Я получил милое письмо твое (от 4/16 апр.) перед самим моим отъездом из Неаполя; спешу, однако ж, написать несколько строчек. Ответ на твои запросы ты, вероятно, уже имеешь отчасти из письма моего к Р<оссети> (от 15 апр.), отчасти из письма к тебе (от 17 апр.). Благодарю тебя также за приложение двух писем, для меня очень значительных. В<игелю> я написал маленький ответ, при сем прилагаемый, который пожалуйста передай ему немедленно. Что касается до письма Б<рянчанинова>, то надобно отдать справедливость нашему духовенству за твердое познание догматов. Это познание слышно во всякой строке его письма. Все сказано справедливо и все верно. Но, чтобы произнести полной суд моей книге, для этого нужно быть глубокому душеведцу, нужно почувствовать и услышать страдание той половины современного человечества, с которою даже не имеет и случаев сойтись монах; нужно знать не свою жизнь, но жизнь многих.
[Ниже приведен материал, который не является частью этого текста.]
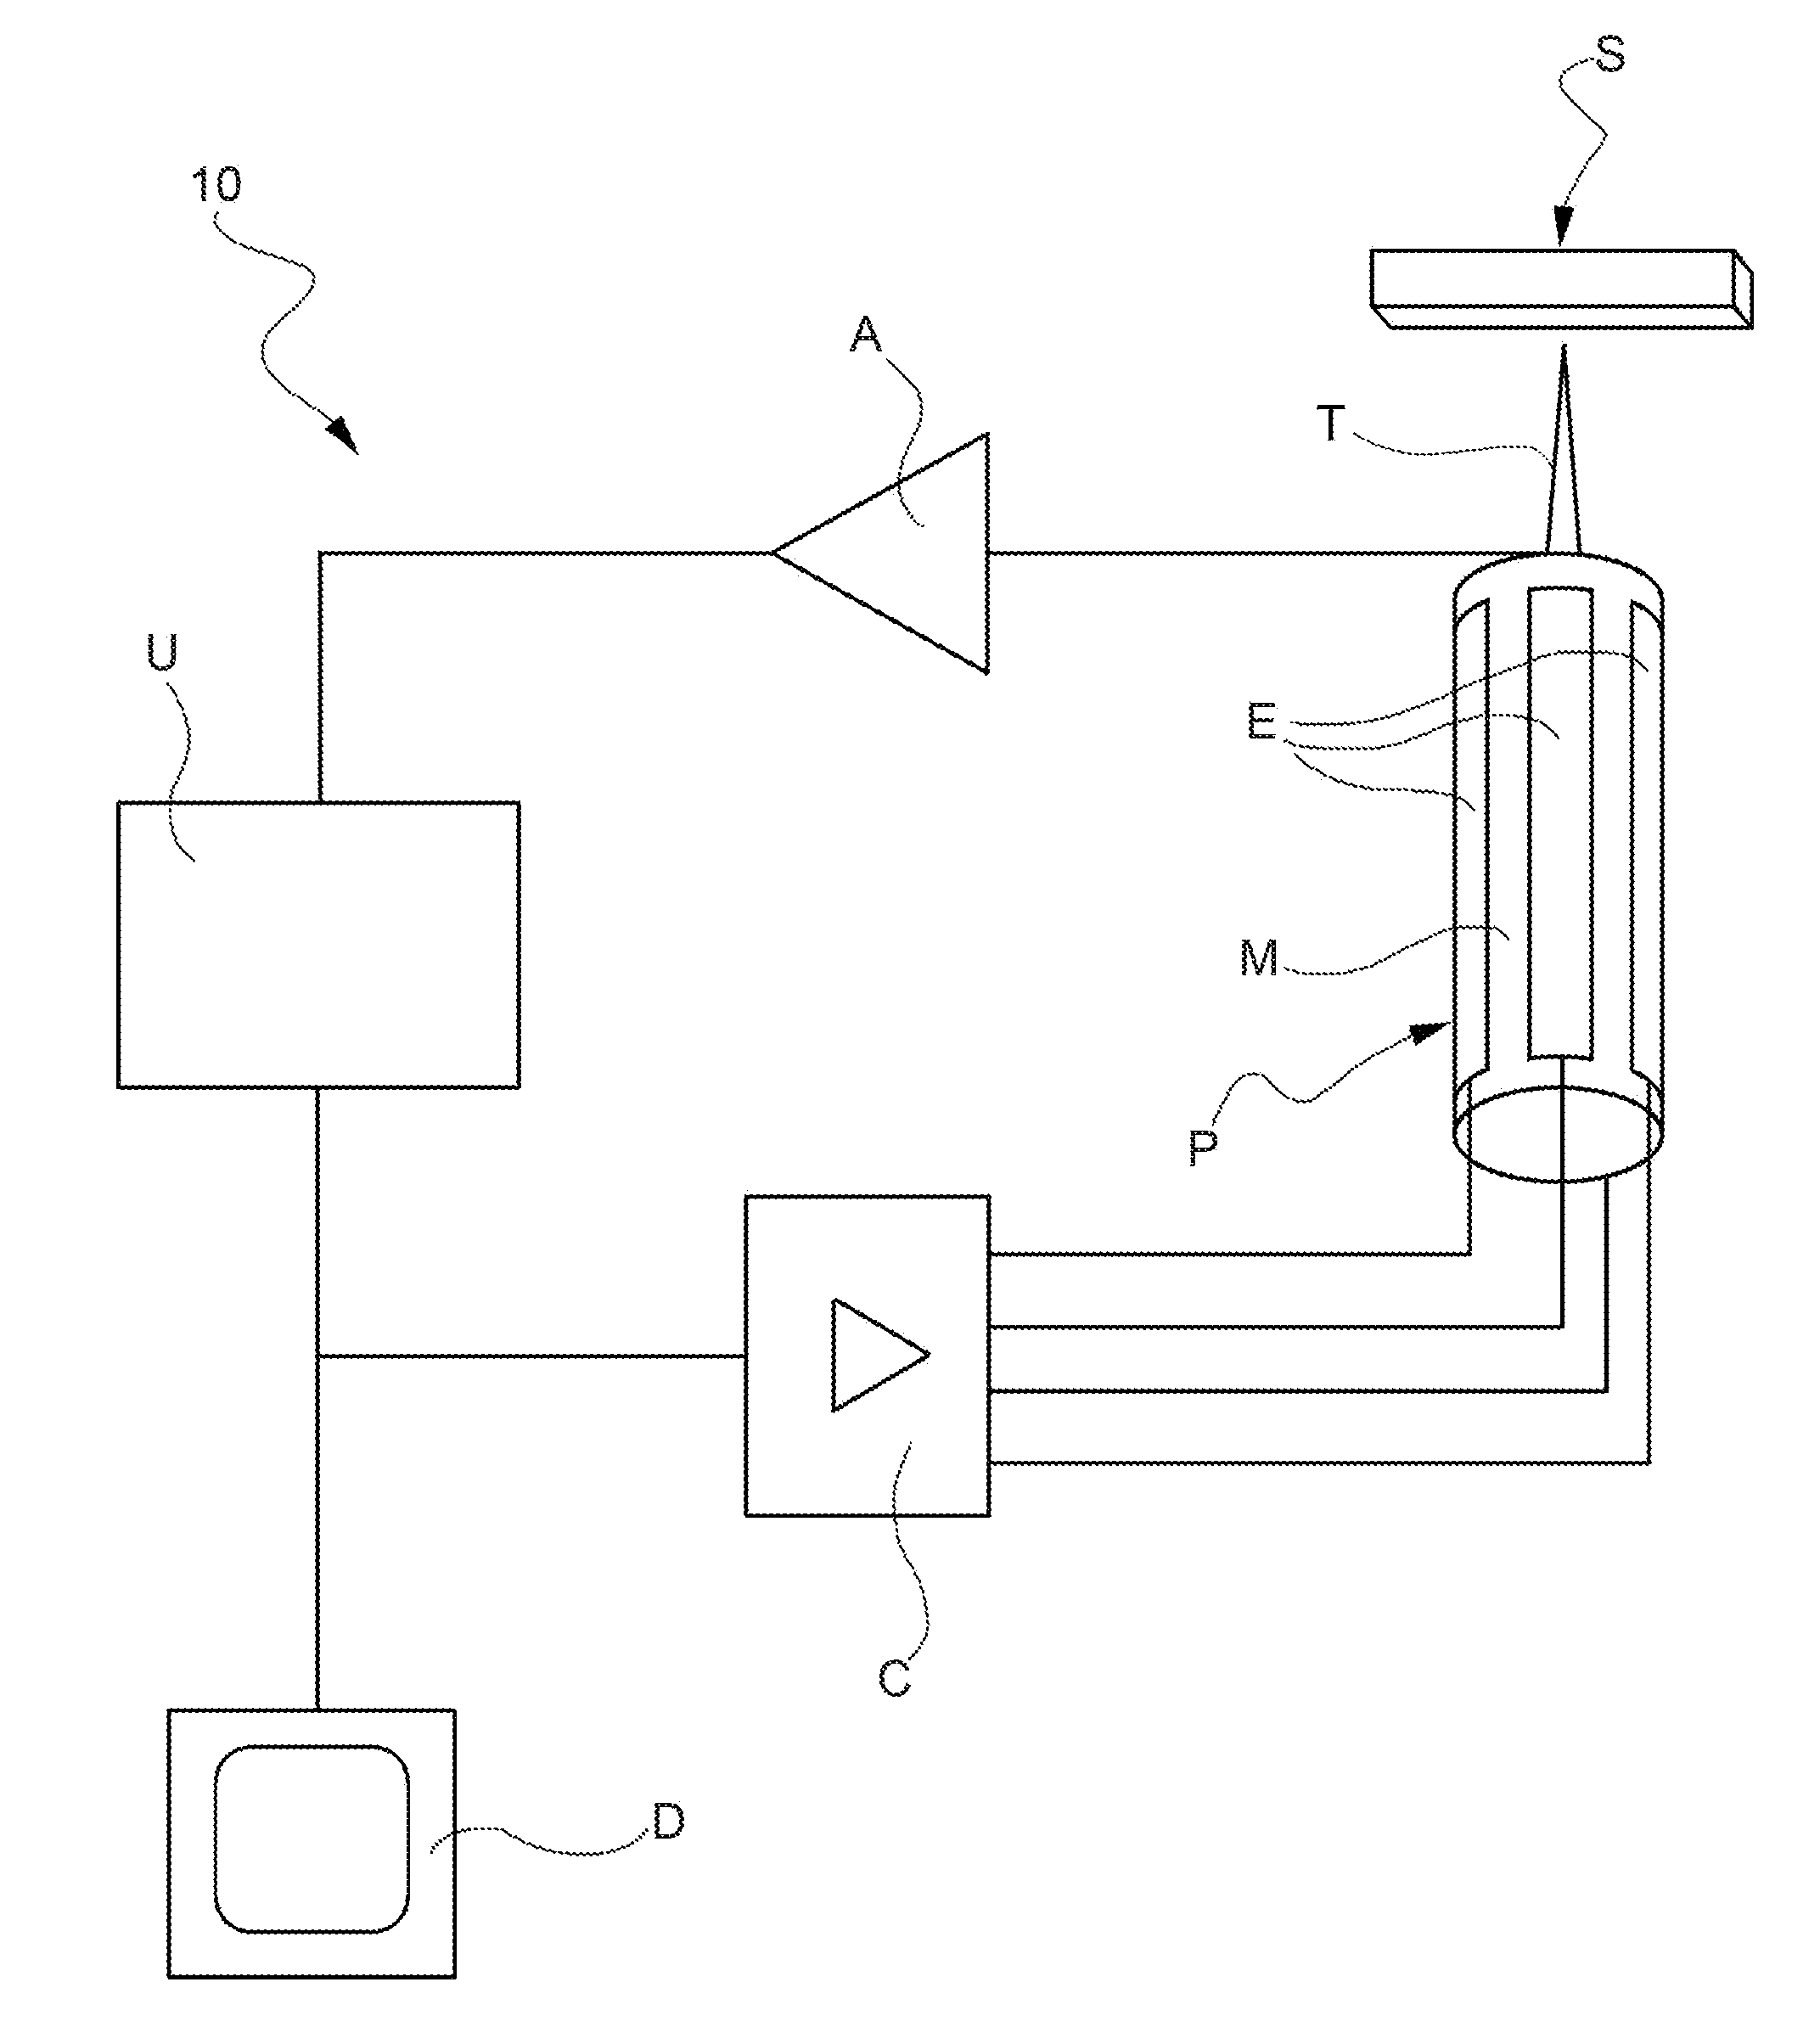 Method for driving a scanning probe microscope at elevated scan frequencies

Поэтому никак для меня не удивительно, что им видится в моей книге смешение света с тьмой. Свет для них та сторона, которая им знакома; тьма та сторона, которая им незнакома; но об этом предмете нечего нам распространяться. Все это ты чувствуешь и понимаешь, может быть, лучше моего. Во всяком случае письмо это подало мне доброе мнение о Б<рянчанинове>. Я считал его, основываясь на слухах, просто дамским угодником------
Несколько слов насчет изумления твоего моему любопытству знать все толки, даже пустые, обо мне и о моей книге. Друг мой, как ты до сих пор не можешь почувствовать, что это мне необходимо! В толках этих я ищу не столько поучения себе, сколько короткого знания тех людей, которых мне нужно знать. В суждениях о моих сочинениях обнаруживается сам человек. Говорит журналист, но ведь за журналистом стоит две тысячи людей, его читателей, которые слушают его ушами и смотрят на вещи его глазами. Это не безделица! Мне очень нужно знать, на что нужно напирать. Не позабудь, что я, хотя и подвизаюсь на поприще искусства, хотя и художник в душе, но предметом моего художества современный человек, и мне нужно его знать не по одной его внешней наружности. Мне нужно знать душу его, ее
Р<оссети> прав насчет письма к его сестре. Совершенно в таком виде, как оно есть, ему неприлично быть в печати. Попроси его, чтобы он назначил карандашем все места, по его мнению, неловкие. Их очень легко умягчить, тем более, что я чувствую уже и сам, как следует чему быть.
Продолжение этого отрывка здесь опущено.